US 12,339,905 B1
Systems and methods for a graph database
Heather Marie Gavlak, Delaware, OH (US); Richard Gregory Barker, Gibsonia, PA (US); Evan Michael Sorger, Berea, OH (US); and Kevin William Black, Pittsburgh, PA (US)
Assigned to The PNC Financial Services Group, Inc., Pittsburgh, PA (US)
Filed by The PNC Financial Services Group, Inc, Pittsburgh, PA (US)
Filed on Oct. 19, 2023, as Appl. No. 18/381,990.
Claims priority of provisional application 63/489,143, filed on Mar. 8, 2023.
This patent is subject to a terminal disclaimer.
Int. Cl. G06F 16/00 (2019.01); G06F 16/20 (2019.01); G06F 16/353 (2025.01); G06F 16/901 (2019.01); G06F 16/904 (2019.01); G06F 16/9535 (2019.01); G06N 20/00 (2019.01); G06Q 20/10 (2012.01); G06Q 30/0226 (2023.01)

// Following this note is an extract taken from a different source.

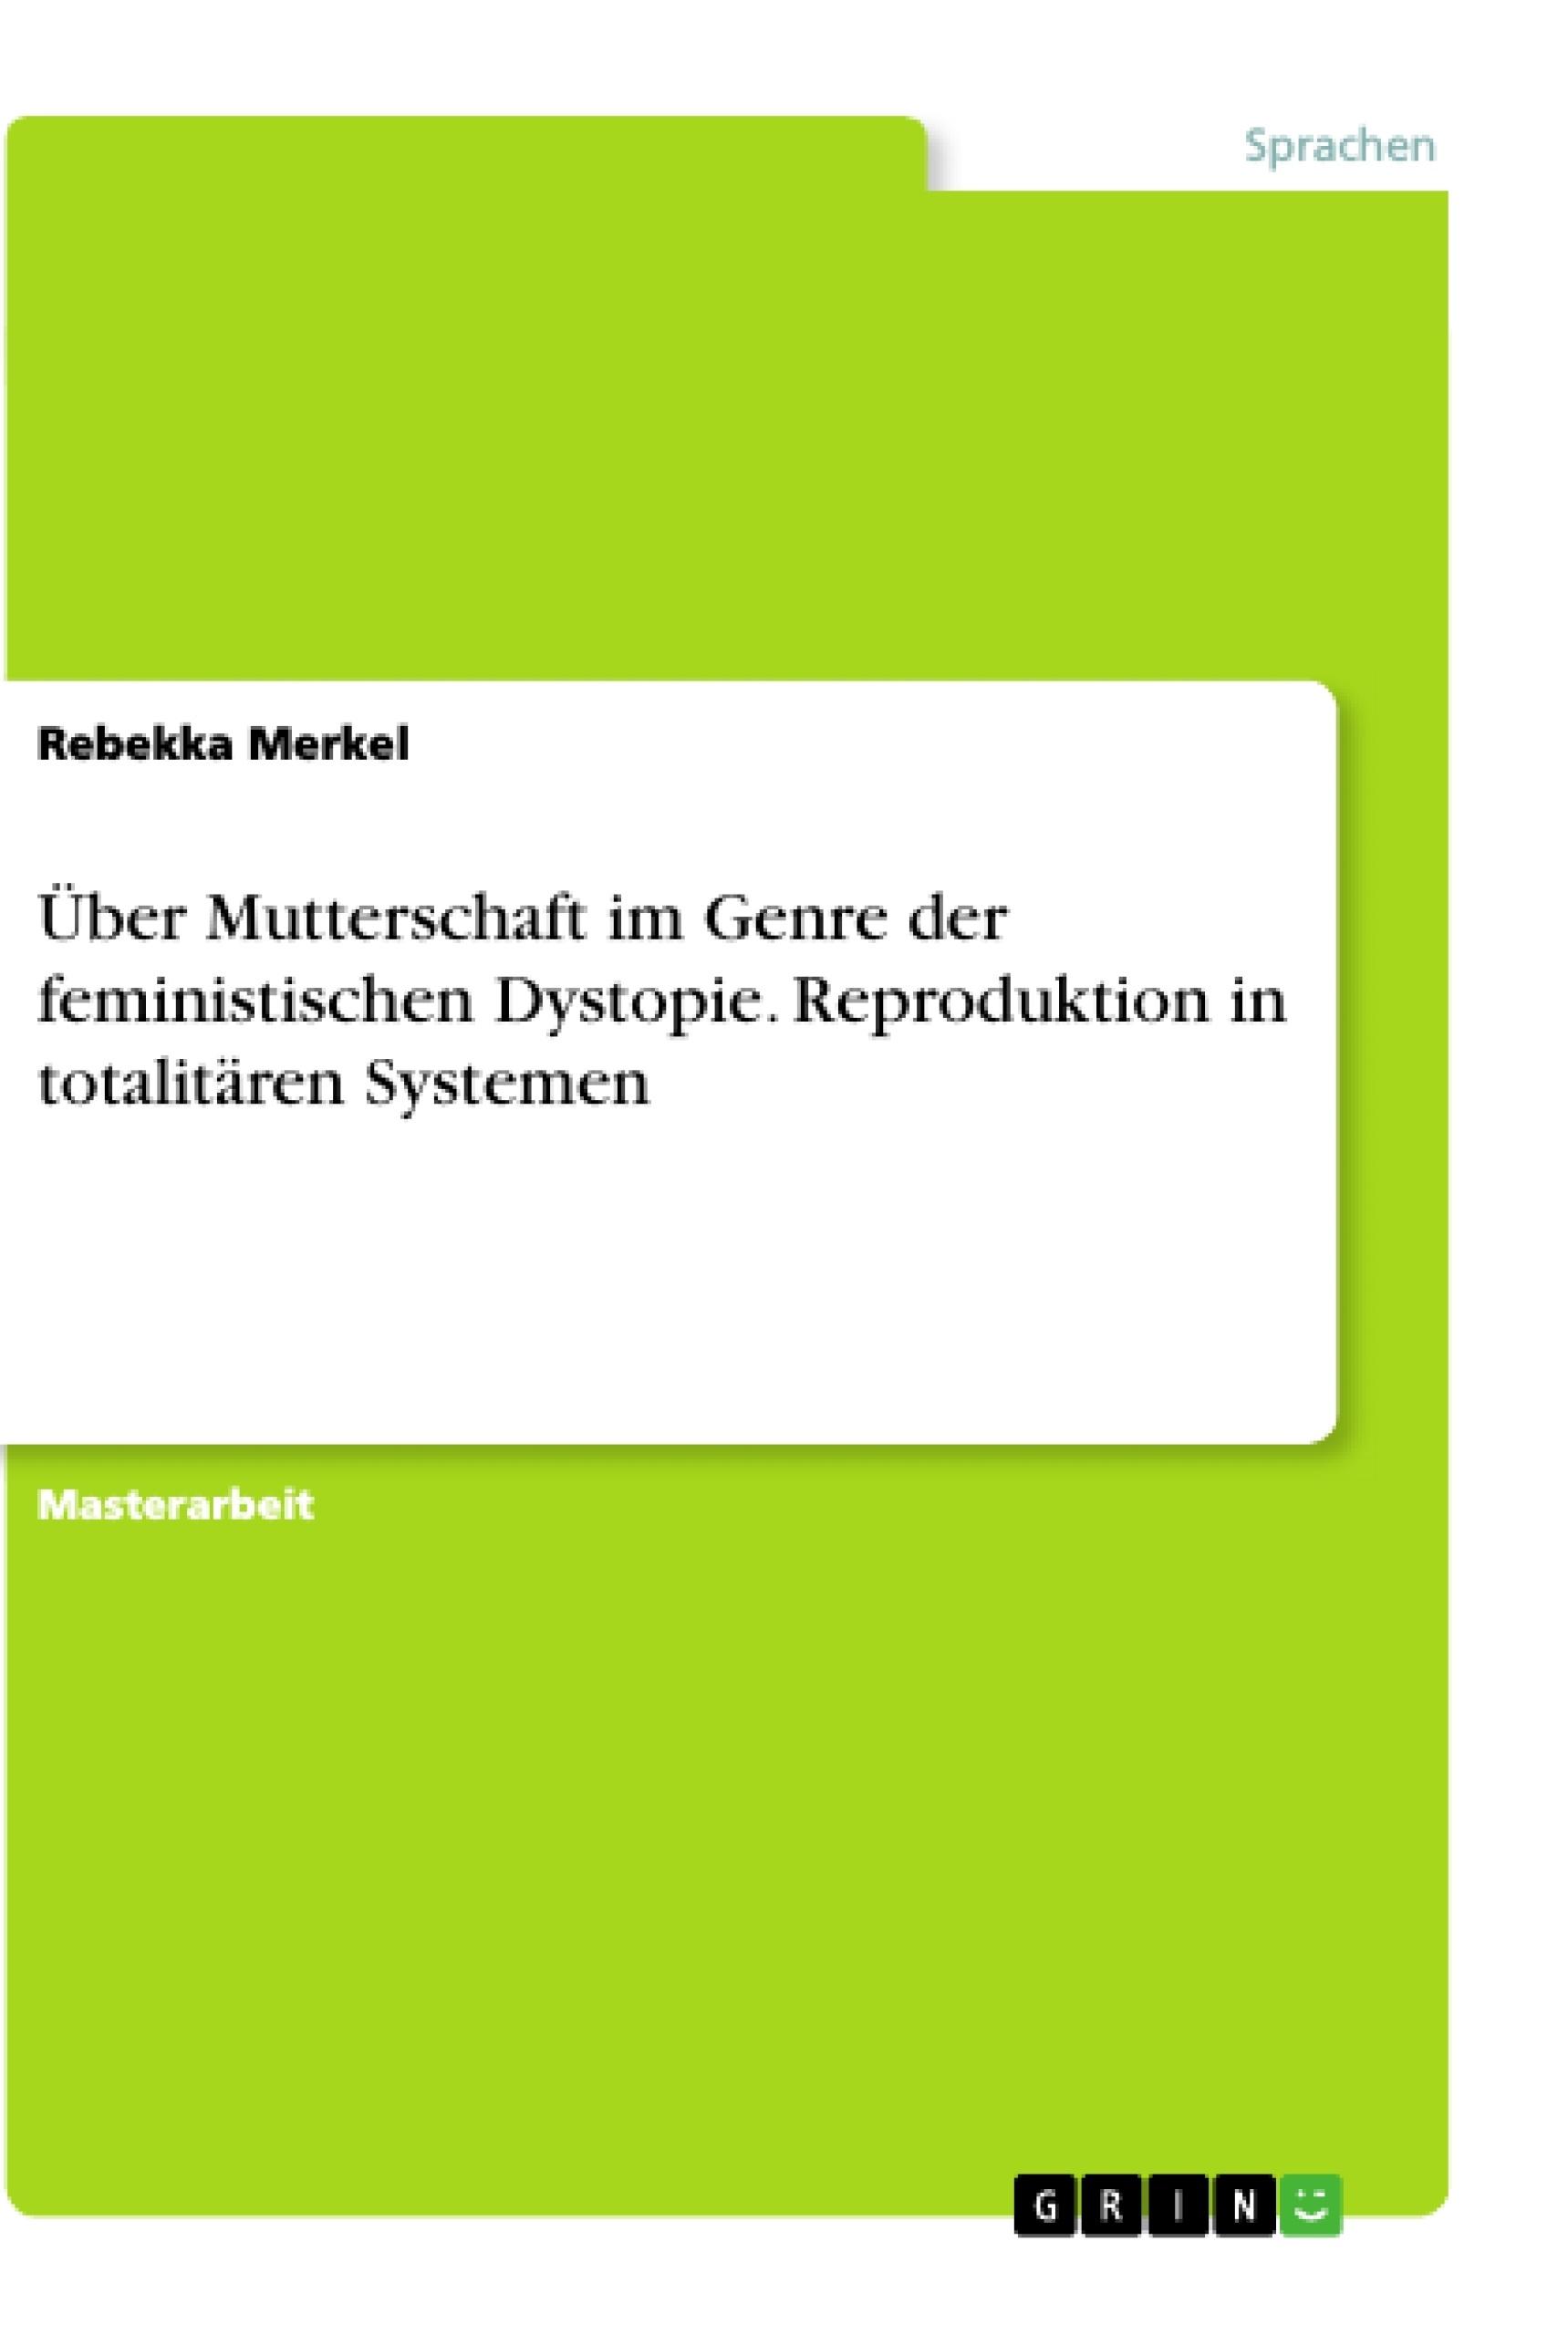 Titel: Über Mutterschaft im Genre der feministischen Dystopie. Reproduktion in totalitären Systemen

CPC G06F 16/9024 (2019.01) [G06F 16/20 (2019.01); G06F 16/353 (2019.01); G06F 16/904 (2019.01); G06F 16/9535 (2019.01); G06N 20/00 (2019.01); G06Q 20/10 (2013.01); G06Q 30/0229 (2013.01)] 17 Claims
OG exemplary drawing
 
1. A computer system for categorizing data in one or more domains for storage in a database, comprising:
a storage device that stores instructions; and
one or more processors that execute the instructions to:
receive the one or more data domains from a source system, wherein each of the one or more data domains is configured to be distributed, using a data warehouse, between one or more applications and each of the data domains is categorized according to a logical grouping of the data domains based on instruments within the source system for storage within the database;
store the categorized data for each of the one or more data domains within the database, the categorized data including user profile data and content associated with architectural analytics;
further categorize each of the one or more data domains as having a data velocity selected from a range of data velocities, the range of data velocities including a low data velocity, a medium data velocity, and a high data velocity, each data velocity being representative of a frequency with which data of the data domain changes, the low data velocity corresponding to data changes that occur below a threshold frequency;
analyze, using one or more machine learning algorithms including an anomaly detection algorithm, the categorized data of the data domains to detect inconsistencies;
identify different patterns of user behavior for assessing decisions of a user; and
predict one or more faults in the database's architectural framework.